AdaWorldAPI · AdaWorldAPI · Apr 6, 2026 · Apr 6, 2026
diff --git a/src/hpc/gguf_indexer.rs b/src/hpc/gguf_indexer.rs
@@ -149,25 +149,6 @@ pub fn project_row_to_base17(row: &[f32]) -> Base17 {
 // BF16-direct optimizations: skip f32 intermediate, strided octave sampling
 // ============================================================================
 
-/// Halftone-dropped golden positions: keep every other step (9 of 17).
-/// Well-distributed across 0..16; max gap = 3. Odd bins interpolated.
-const HALFTONE_POS: [u8; 9] = {
-    let mut t = [0u8; 9];
-    let mut i = 0;
-    let mut j = 0;
-    while i < BASE_DIM {
-        if i % 2 == 0 {
-            t[j] = ((i * GOLDEN_STEP) % BASE_DIM) as u8;
-            j += 1;
-        }
-        i += 1;
-    }
-    t
-};
-
-/// Which of the 17 Base17 bins each halftone position maps to.
-const HALFTONE_TO_BIN: [u8; 9] = [0, 2, 4, 6, 8, 10, 12, 14, 16];
-
 /// Convert one BF16 u16 to f64. Zero allocation.
 #[inline(always)]
 fn bf16_to_f64(bits: u16) -> f64 {
@@ -205,52 +186,6 @@ pub fn project_row_bf16_direct(row: &[u16]) -> Base17 {
     Base17 { dims }
 }
 
-/// Project a BF16 row with octave stride and halftone dropping.
-///
-/// For a 5120-element row at stride=16:
-///   302 octaves / 16 = 19 sampled × 9 halftone = 171 BF16→f64 conversions
-///   vs 5120 in the full path (97% reduction).
-/// Odd bins interpolated from neighbors.
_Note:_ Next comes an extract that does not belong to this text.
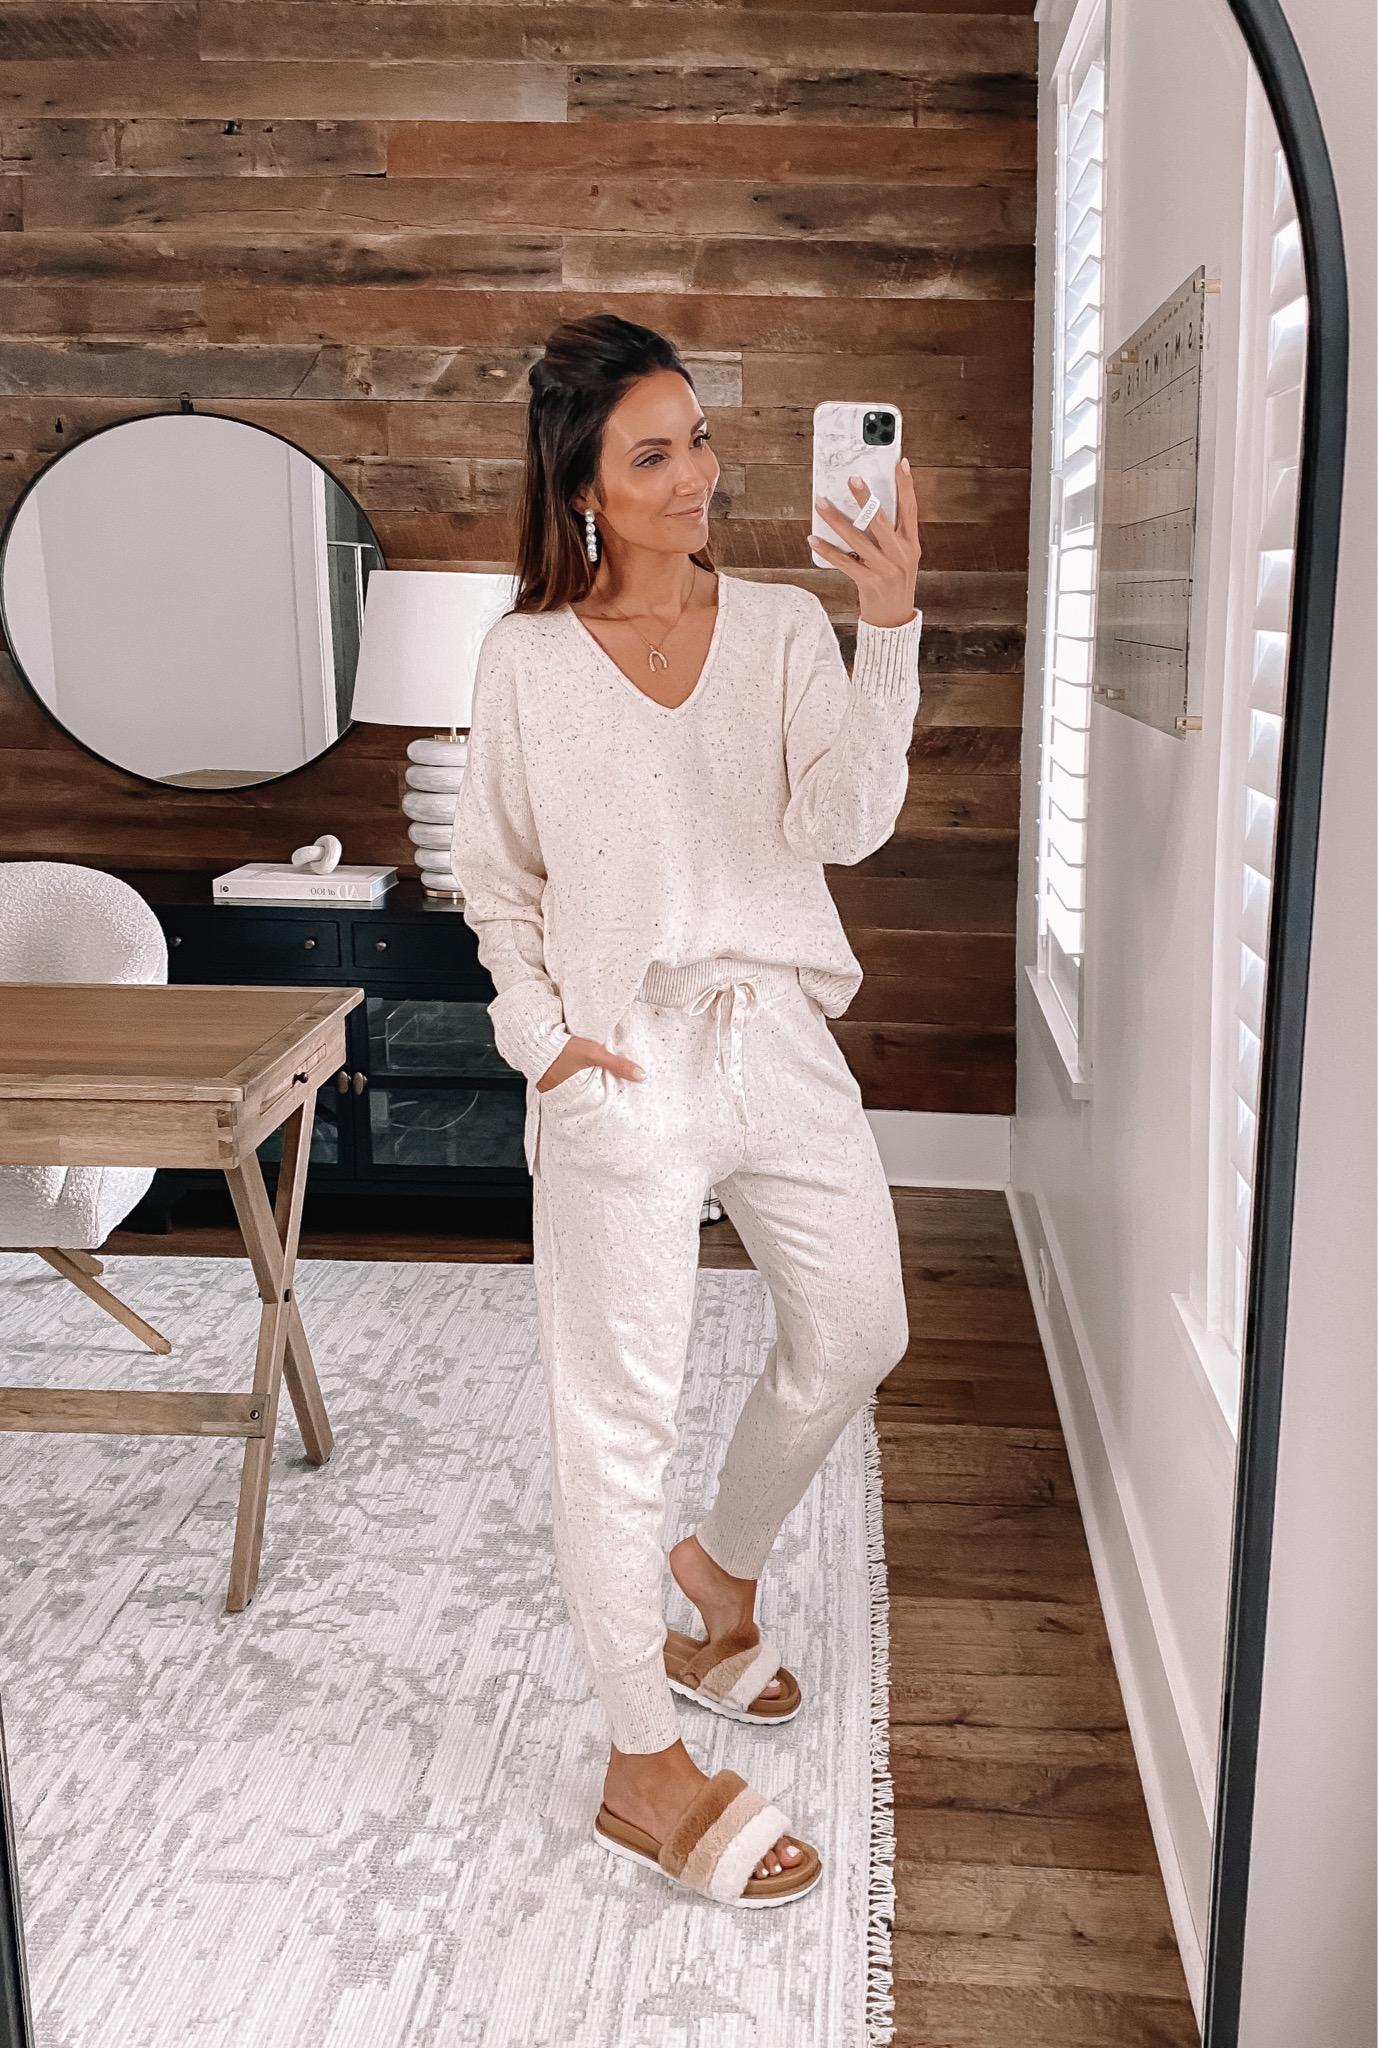 target loungewear, fall style

-pub fn project_row_bf16_strided(row: &[u16], octave_stride: usize) -> Base17 {
-    let d = row.len();
-    let n_octaves = (d + BASE_DIM - 1) / BASE_DIM;
-
-    let mut half_sum = [0.0f64; 9];
-    let mut half_count = [0u32; 9];
-
-    let mut octave = 0;
-    while octave < n_octaves {
-        for hi in 0..9 {
-            let dim = octave * BASE_DIM + HALFTONE_POS[hi] as usize;
-            if dim < d {
-                half_sum[hi] += bf16_to_f64(row[dim]);
-                half_count[hi] += 1;
-            }
-        }
-        octave += octave_stride;
-    }
-
-    let mut dims = [0i16; BASE_DIM];
-
-    // Even bins: direct from halftone samples
-    for hi in 0..9 {
-        let bin = HALFTONE_TO_BIN[hi] as usize;
-        if half_count[hi] > 0 {
-            let mean = half_sum[hi] / half_count[hi] as f64;
-            dims[bin] = (mean * FP_SCALE).round().clamp(-32768.0, 32767.0) as i16;
-        }
-    }
-
-    // Odd bins: interpolate from neighbors (circular)
-    for odd in (1..BASE_DIM).step_by(2) {
-        let left = dims[odd - 1] as i32;
-        let right = dims[(odd + 1) % BASE_DIM] as i32;
-        dims[odd] = ((left + right) / 2) as i16;
-    }
-
-    Base17 { dims }
-}
-
 // ── F64x8 SIMD: 8 rows → 8 Base17 in parallel ──
 
 /// Gather 8 BF16 values from 8 rows at the same column, convert to F64x8.
@@ -364,11 +299,11 @@ pub fn project_1row_bf16_strided(row: &[u16], octave_stride: usize) -> Base17 {
 
 /// Project an entire BF16 tensor to Base17 using F64x8 SIMD.
 ///
-/// Processes 8 rows in parallel per SIMD batch. Each of the 9 halftone bins
-/// holds an F64x8 accumulator (8 rows × 9 bins = 72 f64 lanes = 9 zmm registers).
+/// Processes 8 rows in parallel per SIMD batch. Each of the 17 bins
+/// holds an F64x8 accumulator (8 rows × 17 bins = 136 f64 lanes = 17 zmm registers).
 ///
-/// Per sampled octave: 9 halftone positions × 8 bf16_to_f64 gathers → 9 vaddpd.
-/// For 5120-col rows at stride=16: 19 octaves × 9 = 171 vaddpd per 8-row batch.
+/// Per sampled octave: 17 positions × 8 bf16_to_f64 gathers → 17 vaddpd.
+/// For 5120-col rows at stride=16: 19 octaves × 17 = 323 vaddpd per 8-row batch.
 pub fn project_tensor_bf16_simd(
     buf: &[u16],
     n_rows: usize,
@@ -401,31 +336,6 @@ pub fn project_tensor_bf16_simd(
     result
 }
 
-/// Read a BF16 tensor as raw u16 values. NO f32 conversion.
-/// `buf` is reusable — caller allocates once, passes to every tensor.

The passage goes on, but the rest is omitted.